Recorded information below:
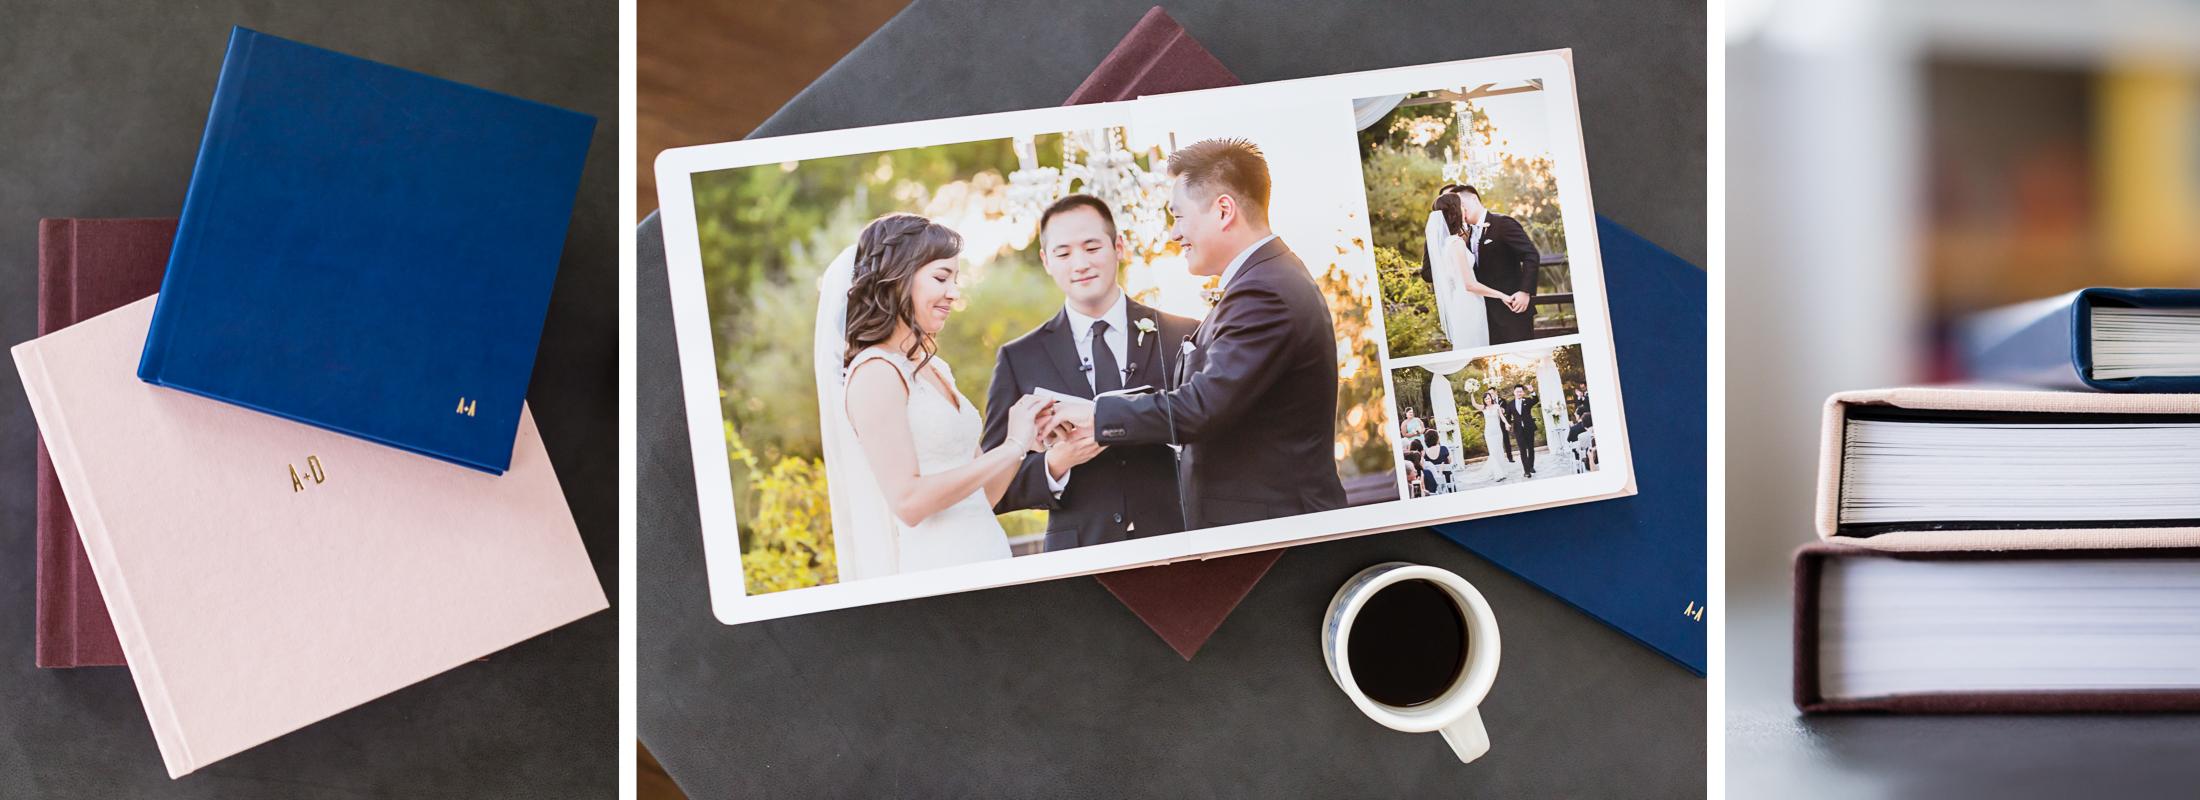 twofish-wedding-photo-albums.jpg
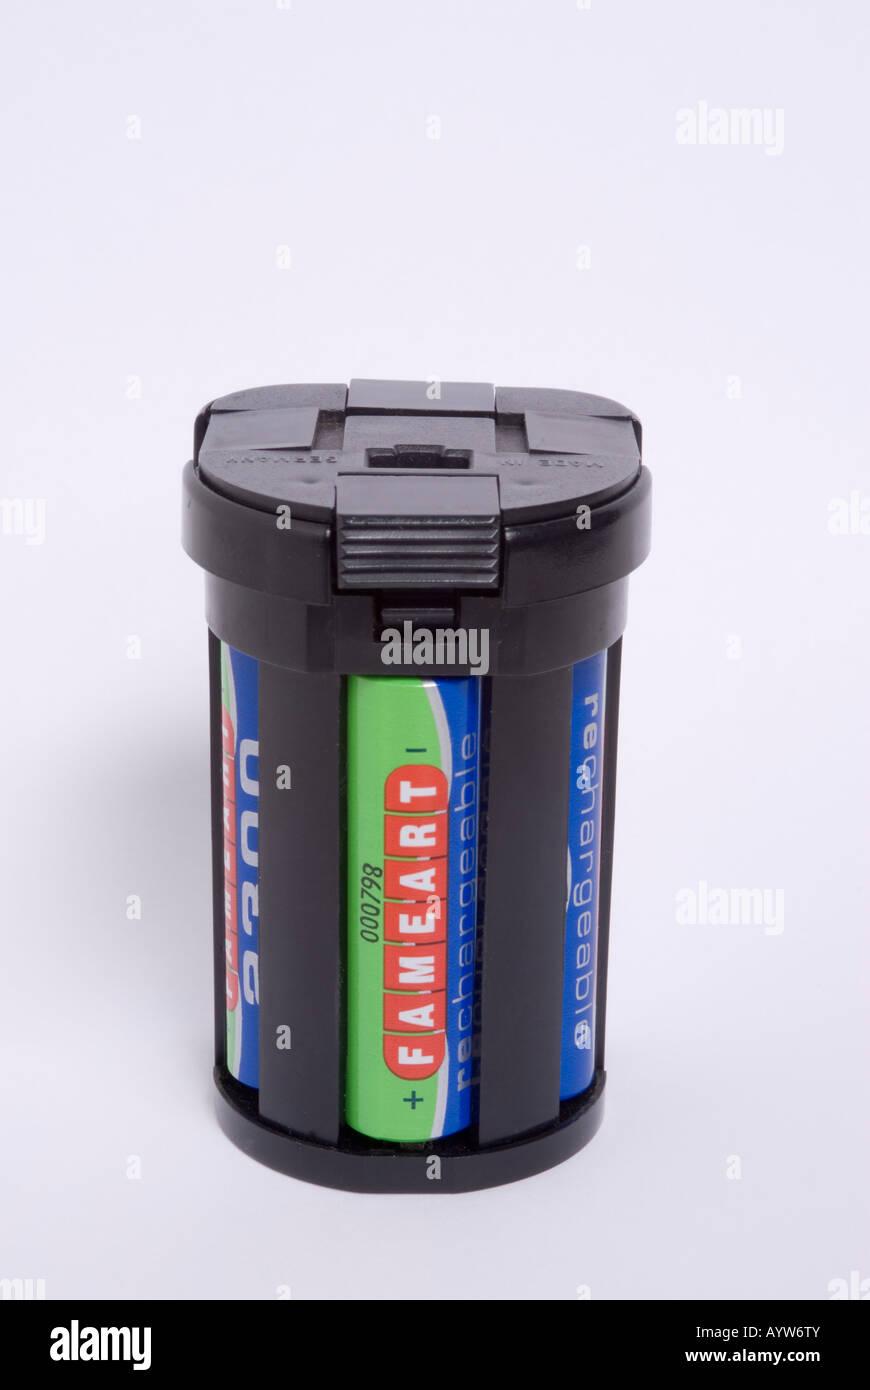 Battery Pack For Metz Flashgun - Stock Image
End of Recorded information.
Recorded information below:
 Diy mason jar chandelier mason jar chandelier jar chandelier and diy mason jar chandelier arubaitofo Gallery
End of Recorded information.
Recorded information below:
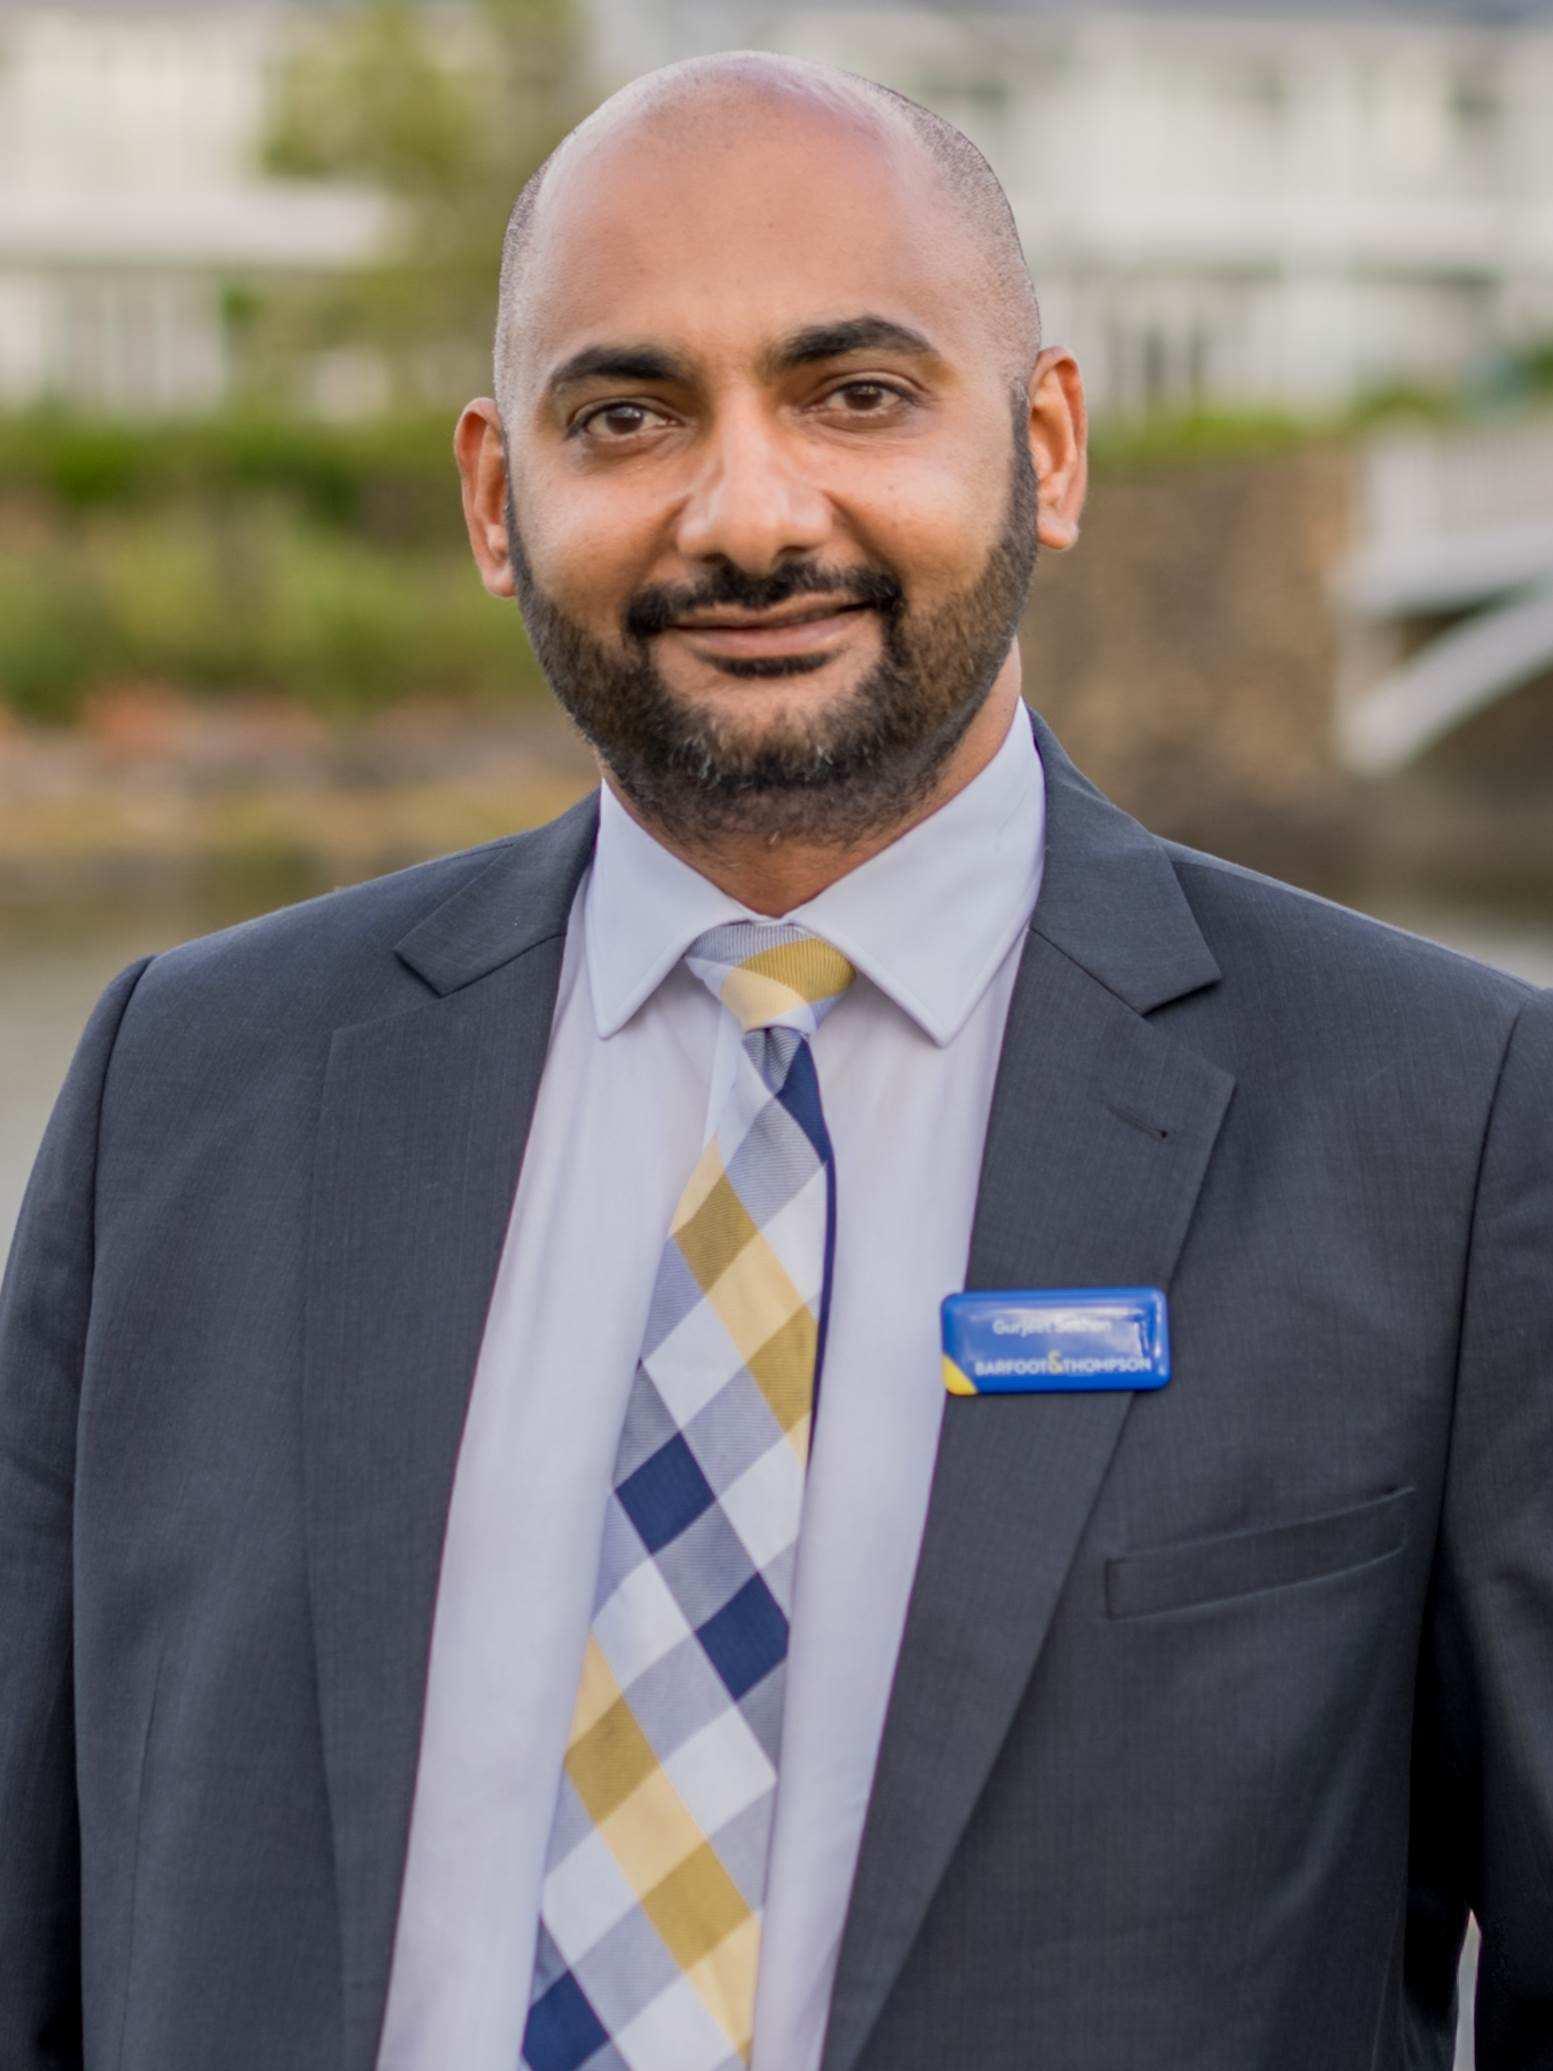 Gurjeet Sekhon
End of Recorded information.
#### Your goal:
Your reply is to be an exact repeat of the listing above from the line holding "twofish-wedding-photo-albums.jpg" down to the line holding "Battery Pack For Metz Flashgun - Stock Image", ends included, pictures excluded.

#### Solution:
 twofish-wedding-photo-albums.jpg
 Battery Pack For Metz Flashgun - Stock Image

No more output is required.